自分の「楽しい」が誰かの「欲しい」につながるものづくり。―今日のminne―
tsumuguyaさん
minne(ミンネ)で活躍するハンドメイド作家さんへのインタビュー企画「今日のminne」。今回は、ふんわりとした独特の世界観をもつtsumuguyaさんにインタビューします。
――tsumuguyaさんが制作されている作品について教えてください。
手刺繍のアクセサリーやブローチ、ポーチやブックカバーなどの雑貨を制作販売しています。また、絵本の1ページのようなストーリー性のあるオリジナルイラストを、ポストカードにして販売もしています。
ご依頼があればウェディングのリングピローやハンカチの刺繍、ウェルカムボードなどオリジナルのイラストも承っています。

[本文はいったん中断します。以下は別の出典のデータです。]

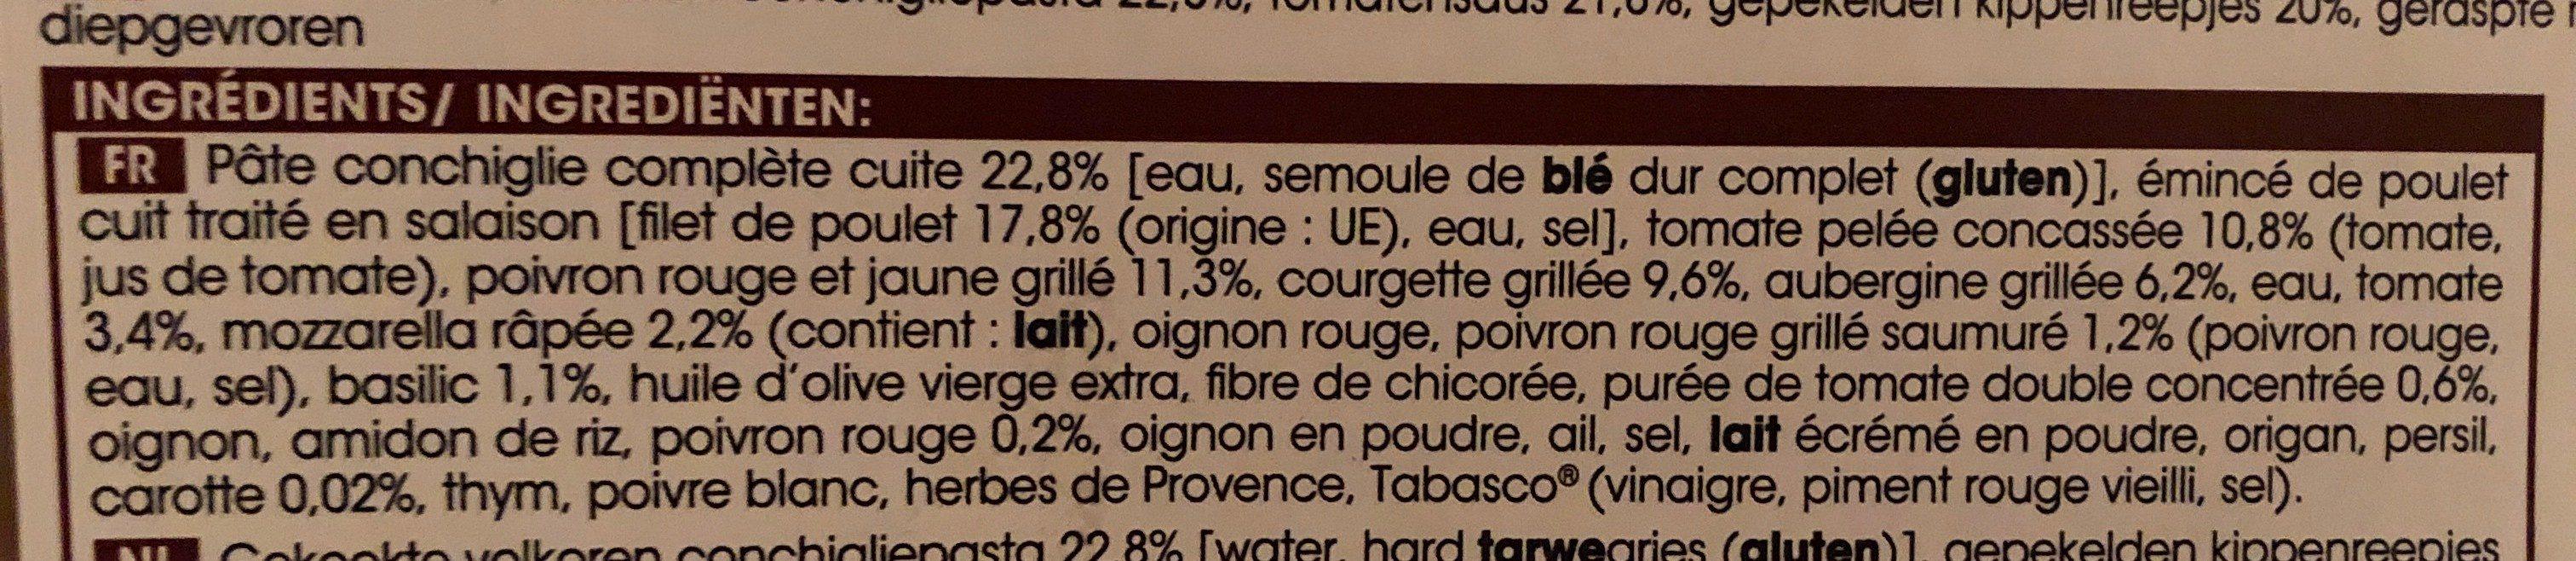 Emincés de poulet +équilibre - Ingredients - fr

―ーminneはどういったきっかけで始められたのですか。
もともと美容師をしていたのですが、子育て中に独学で刺繍を学び、インスタに作品をアップしていました。それが人の目に止まり、tsumuguyaとして販売を始めることになりました。
当初は刺繍の作品だけを販売していたのですが、作品の発送用の封筒やお手紙にイラストを添えていたところ「ポストカードが欲しい」とのお声をいただき、イラスト作品の販売も開始しました。
――お客様の声が新しい領域を開いてくれたんですね。
はい、minneのハンドメイド大賞に応募した作品「ブタにコットンパール刺繍ブローチ」もそういった作品です。販売を始めて、どうしても“売れるものを”と考えてしまって自分の作りたいものじゃない作品になりそうになることがあって。だから、ハンドメイド大賞では“自分が作りたい物にしよう”と決めて作りました。
残念ながら入賞はできませんでしたが、その後イベントに出展したときにネットのブース紹介に載せたら、すごく反響をいただいて。「ブタさん買いに来ました」とおっしゃって下さった方が何人かいらっしゃいました。その後、人気作品になりました。
“売れるものを”と考えることも大切かもしれませんが、“作っていて楽しい”と作り手が自由に感じて作った作品は、見る方にも伝わるのではないかな…と教えてもらった作品です。
――ほかにお客様とのエピソードで印象に残っているものはありますか。
昨年のminneのイベント、ハンドメイドマーケットでお客様が花柄クジラさん刺繍ブローチをとても気に入ってくれたのですが、所持金が足りずに泣く泣くあきらめて帰ってしまいました。しばらくしたら戻ってきて、「帰りの電車賃削ります!」と購入してくださって。「そのまま付けて帰りますー!」と、とても喜んで帰っていかれました。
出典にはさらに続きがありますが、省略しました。